Reply
Honored Contributor
Posts: 10,849
Registered: ‎03-10-2010

Re: Another Wedding Gift Experience

[ Edited ]

If I am going to spend my money, and use my time ...my golly I want to know what they would love.  Not what they would like, what they would LOVE!!!  I am older now and if I get invited to a wedding it is someone I know well, family, or my extended "grandkids".  I take pride in what I get, and I spent a lot, because I just think of how broke I was when I got married, and how much it meant to get something I truly loved.  So, I do not mind if They let me know what they really want.  i wouldn't want to be ordered to get a certain item.  But if they have a list and itemize what they want, I am game. 

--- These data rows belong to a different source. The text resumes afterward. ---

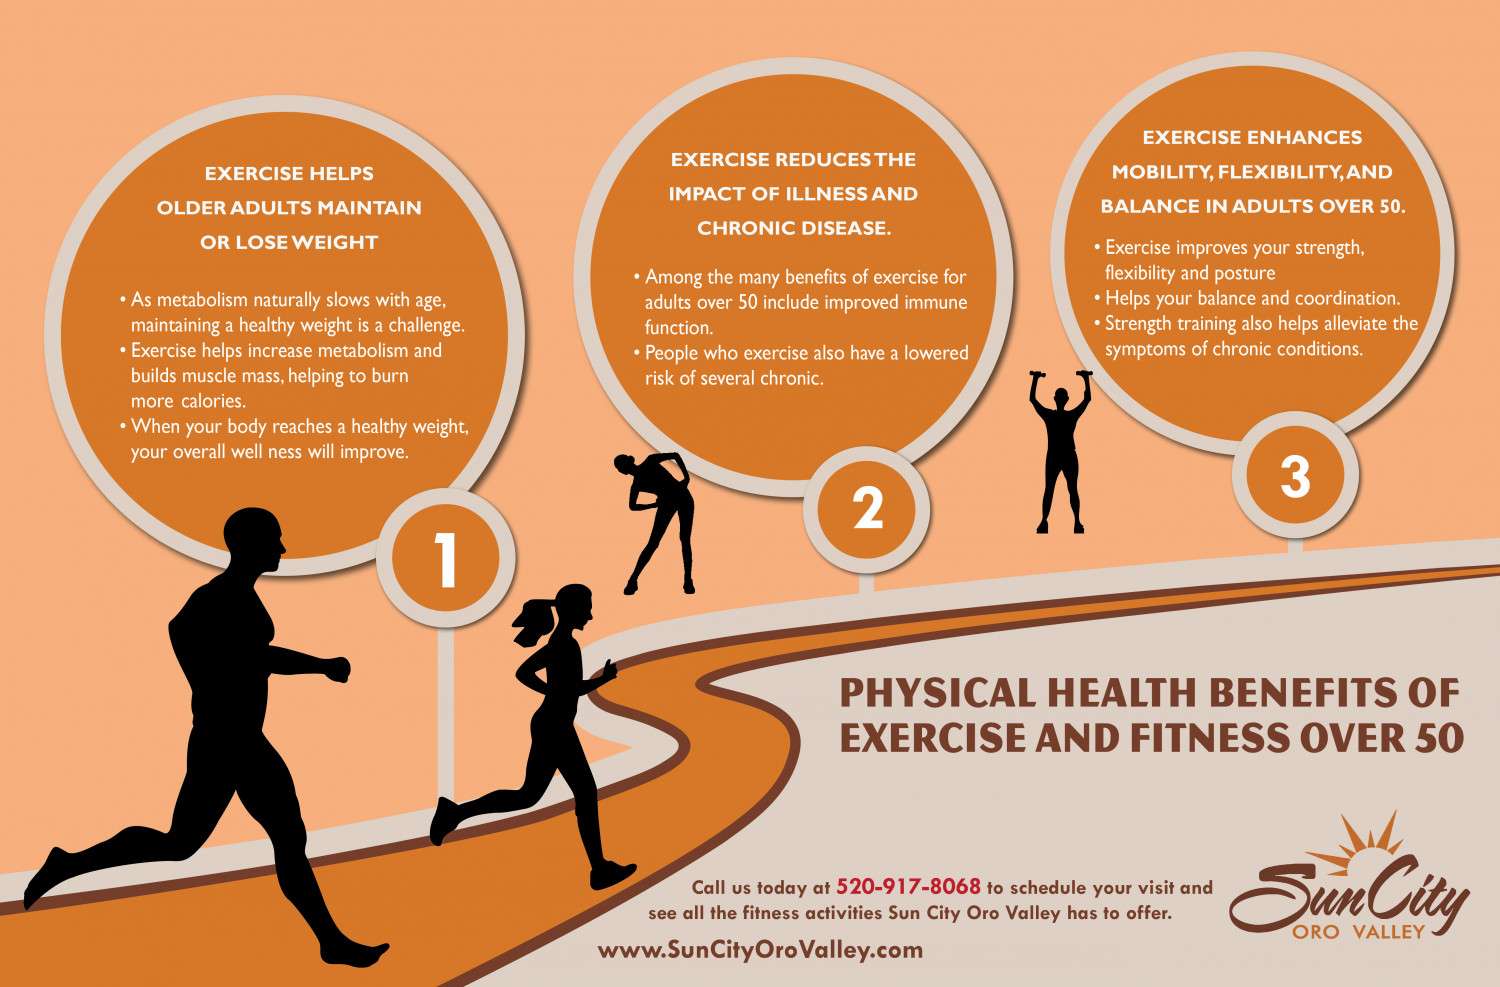 Physical Health Benefits of Exercise and Fitness Over 50
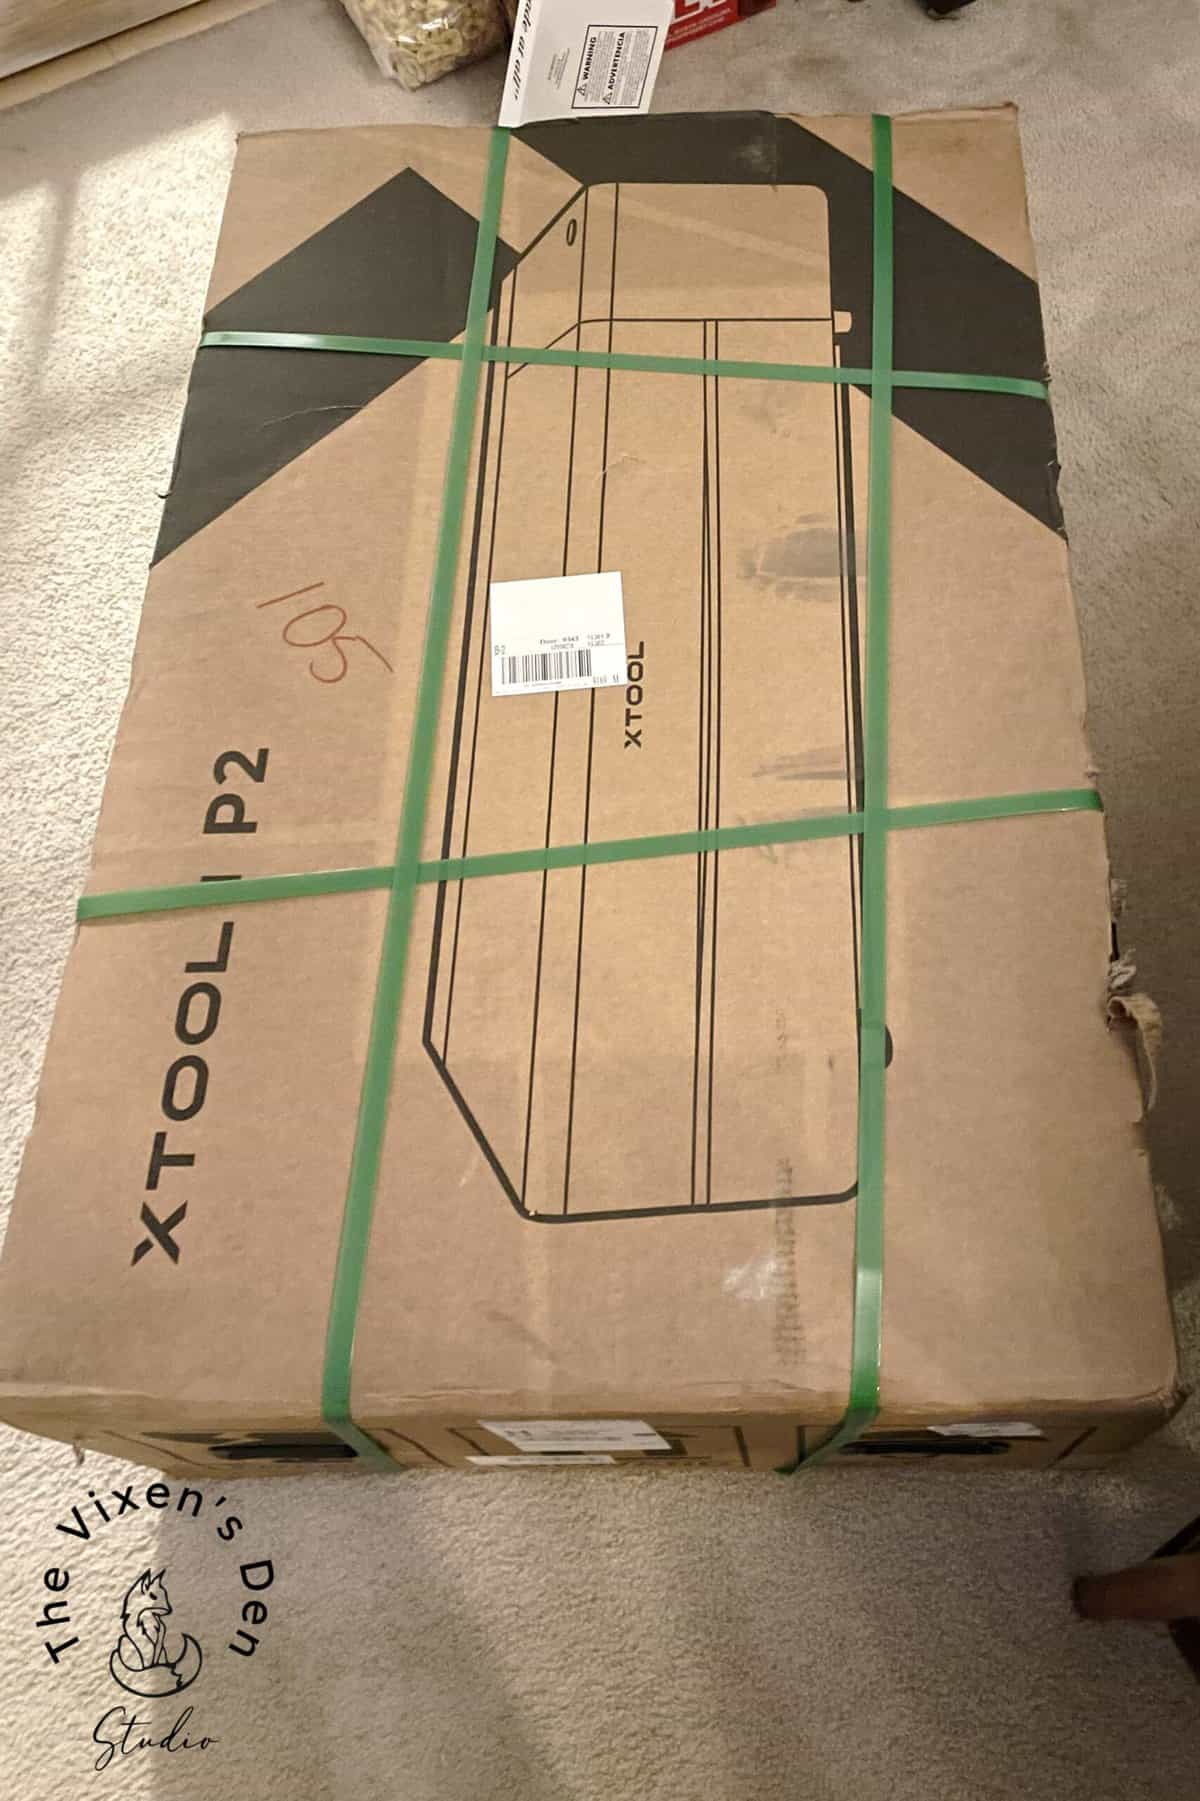 A box is sitting on a floor in a living room.
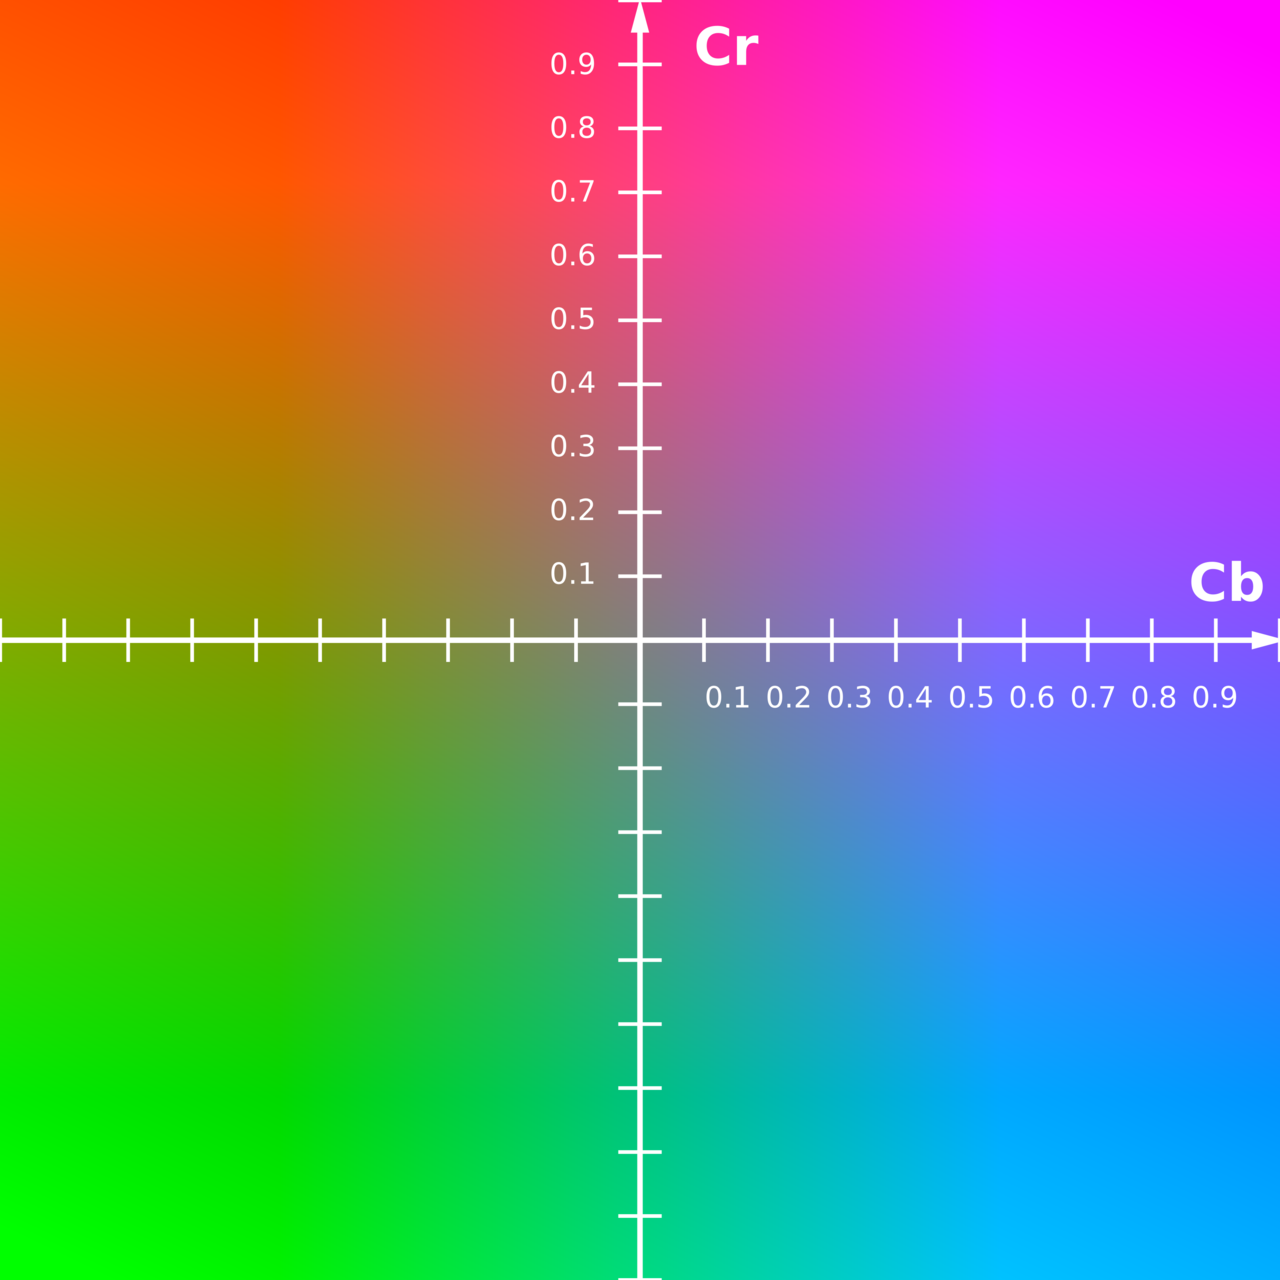 CbCr plane of the YCbCr color space, with a Y value of 0.5, Cb on the horizontal x axis going from -1 to 1, Cr on the y axis going from -1 to 1 as well

If a bride and groom has a wedding list, with money for honeymoon or home included, why buy them something you want to give, but they don't like or need?  I want my money to be spent on something they will love and use

 

Honored Contributor
Posts: 10,936
Registered: ‎03-10-2010

Re: Another Wedding Gift Experience

Of course we want to give something they will like, but they should wait to be asked. By giving a list of wants without being asked is blatantly telling guests a gift is required and what gifts are acceptable. It's presumptuous.

Esteemed Contributor
Posts: 6,889
Registered: ‎03-13-2010

Re: Another Wedding Gift Experience


@Miss Shelly wrote:

@mercyMe wrote:

Now I've heard everything!   A Waterford gift would not be appreciated~?    If that is the case, then this person is an ungrateful human being.

 

(And anyone who wants to give 'me' a free John Deere tractor, my DH would give you a kiss!)  


 

 

Not everyone wants or needs waterford crystal.  In fact, I myself wouldn't want it.  If you would spend the money for a gift the couple wouldn't enjoy, why wouldn't you just buy something from the registry they would appreciate instead?   Having different tastes, etc. doesn't mean they are ungrateful.  


 

I agree.

 

I happen to love crystal.  I have a lot of it, and much is Waterford, and I would welcome more.  However, a gift is supposed to be what the recipient would like, not the giver.  I would never give crystal to anyone and assume they would love it or even want it.

 

Years ago, my cousin got married and registered for china, so I went to Bloomingdale's thinking I would buy some for her.  When I saw the pattern, I thought it was awful.  Super-busy, just not my taste at all.  I couldn't imagine anyone choosing that pattern.  But she did, and so I bought it for her.  I didn't like it, but I didn't have to like it because it wasn't about me or my lifestyle or my preferences.

 

You're exactly right - Having different tastes has nothing to do with being ungrateful.  I don't force my taste on anyone.  That's not what gift-giving is about.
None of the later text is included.